还是从最主要的开始看,据上文所述 obj_sal_seg_branch/train 首先调用了 model.load_weights 方法。

调用时传参:

model.load_weights(model_weights, by_name=True, exclude=exclude_layers)

结合 load_weights 的源码。
首先导包:

def load_weights(self, filepath, by_name=False, exclude=None):
    """Modified version of the corresponding Keras function with
    the addition of multi-GPU support and the ability to exclude
    some layers from loading.
    exclude: list of layer names to exclude
    """
    import h5py
    # Conditional import to support versions of Keras before 2.2
    # TODO: remove in about 6 months (end of 2018)
    try:
        from keras.engine import saving
    except ImportError:
        # Keras before 2.2 used the 'topology' namespace.
        from keras.engine import topology as saving
   
    if h5py is None:
        raise ImportError('`load_weights` requires h5py.')

然后判断是否有要剔除的层。而传参时 exclude 不为空,所以将 by_name 置为 True。(事实上在传参的时候这个参数也是True,这句话只是为了代码的稳健性。不写也没事)

def load_weights(self, filepath, by_name=False, exclude=None):
    ...
    if exclude:
        by_name = True

然后根据路径获取一个h5py文件。(对 h5py 文件不熟悉的可以参考这个博客,想知道更多的关于这个文件的操作方法请参考这个博客。)

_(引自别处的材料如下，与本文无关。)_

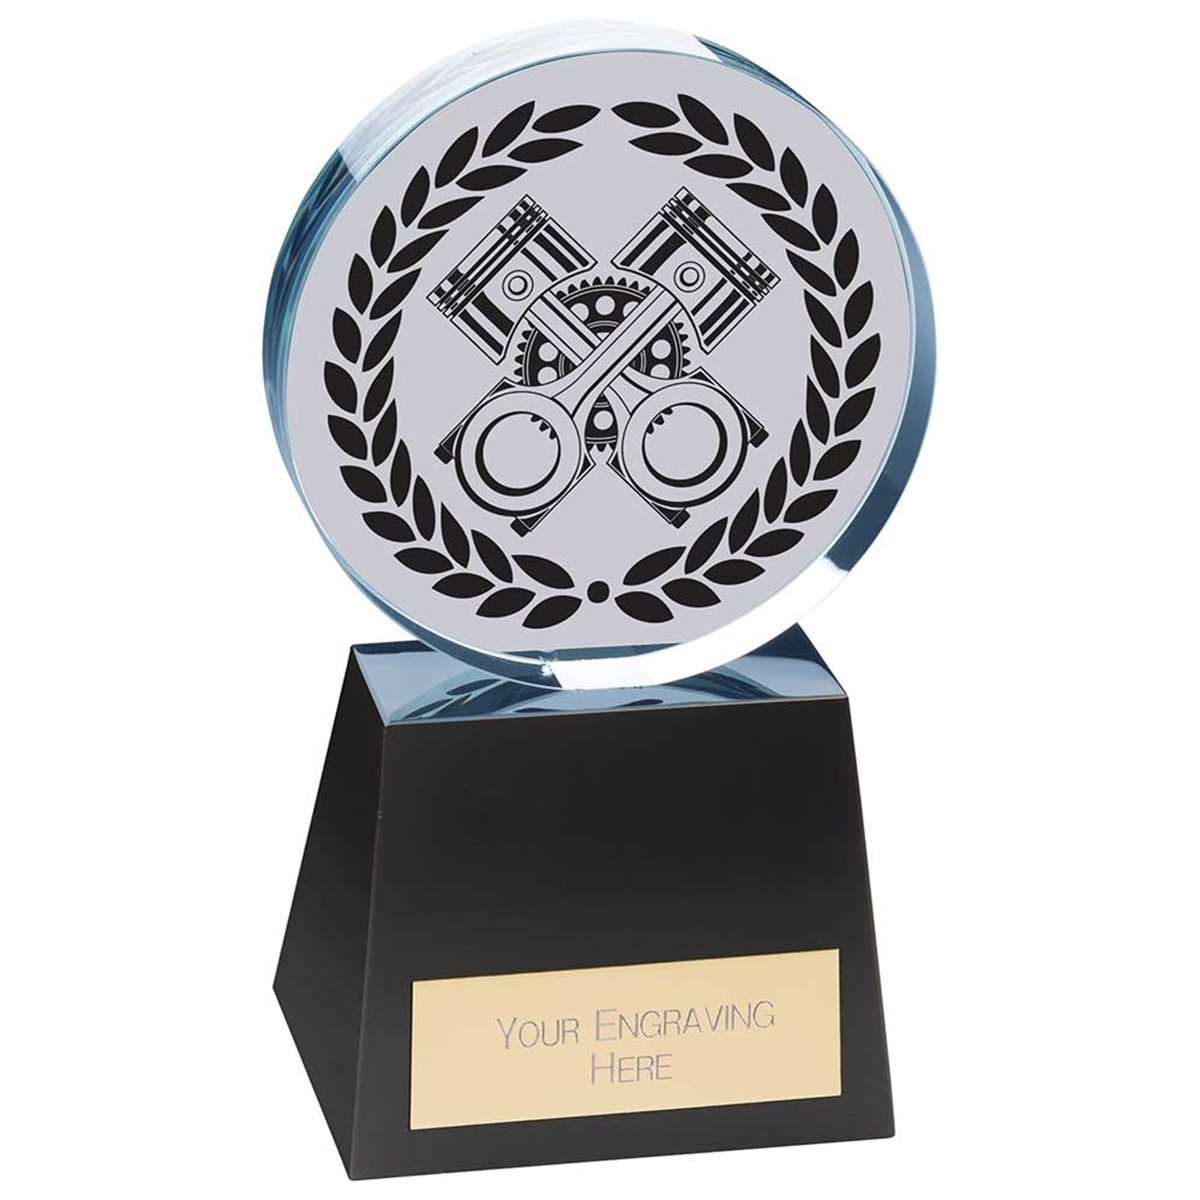 Emperor Motorsport Glass Award CR24348

def load_weights(self, filepath, by_name=False, exclude=None):
    ...
    f = h5py.File(filepath, mode='r')
    if 'layer_names' not in f.attrs and 'model_weights' in f:
        f = f['model_weights']

这句是为了多GUP训练

def load_weights(self, filepath, by_name=False, exclude=None):
    ...
    # In multi-GPU training, we wrap the model. Get layers
    # of the inner model because they have the weights.
    keras_model = self.keras_model
    layers = keras_model.inner_model.layers if hasattr(keras_model, "inner_model") \
        else keras_model.layers

然后过滤掉被排除的 layers,其中 filter 是python的内置函数,第一个参数是函数,第二个参数是可迭代, filter 会把后一个参数的每个数据输入函数中判断,将其中True的结果返回。

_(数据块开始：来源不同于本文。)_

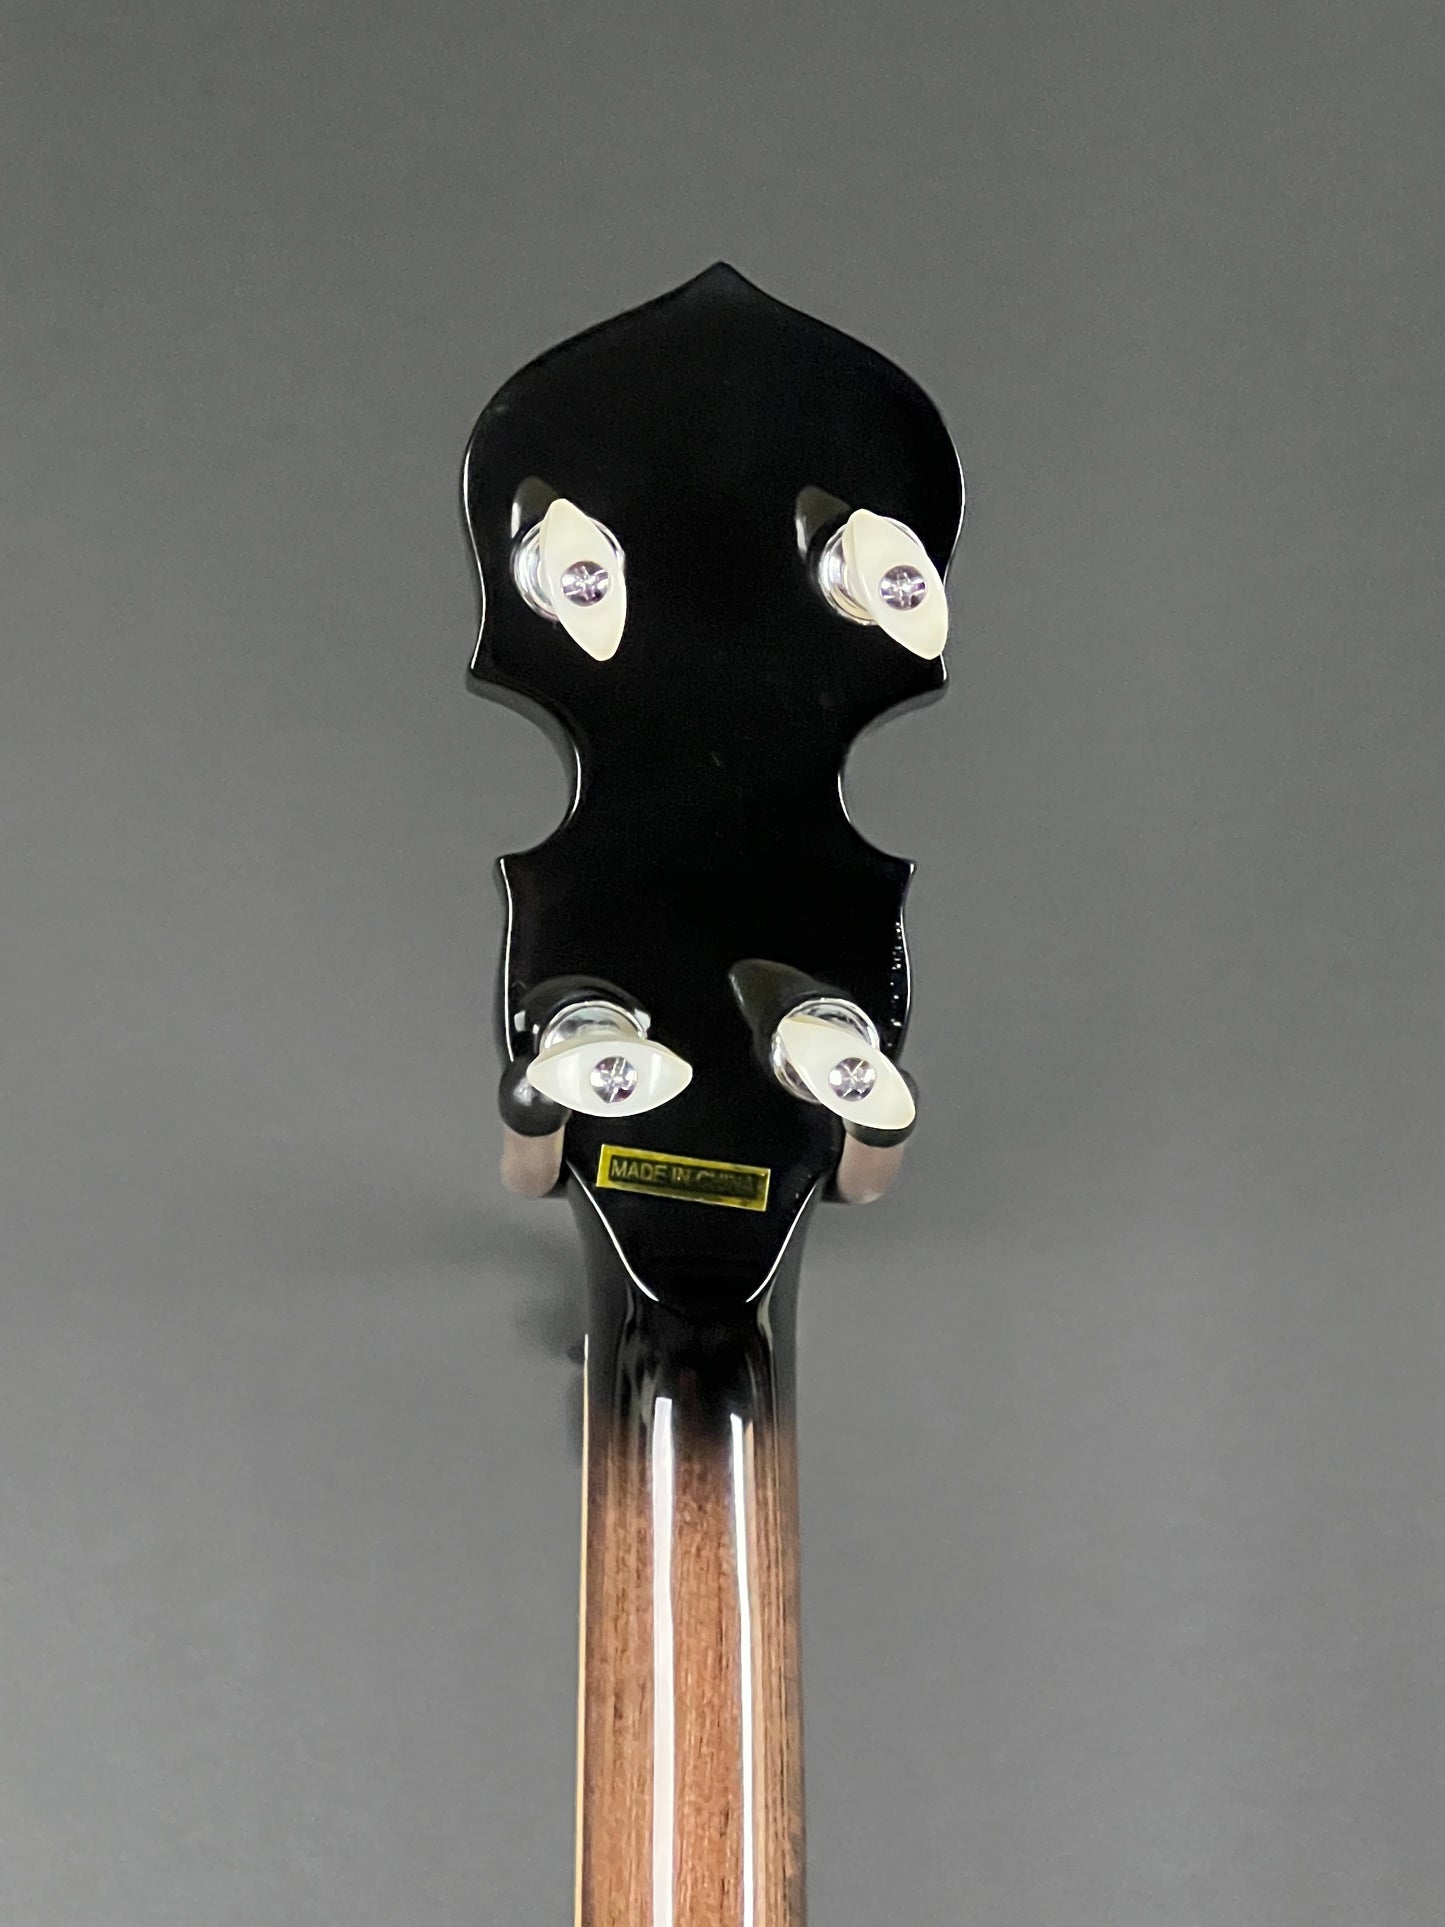 Mastertone Gold Tone Orange Blossom Banjo Arch Top with Case OB-250AT

def load_weights(self, filepath, by_name=False, exclude=None):
    ...
    # Exclude some layers
    if exclude:
        layers = filter(lambda l: l.name not in exclude, layers)

然后调用 keras 的 api 载入权重、关闭 f 文件、更新日志

def load_weights(self, filepath, by_name=False, exclude=None):
    ...
	if by_name:
        saving.load_weights_from_hdf5_group_by_name(f, layers)
    else:
        saving.load_weights_from_hdf5_group(f, layers)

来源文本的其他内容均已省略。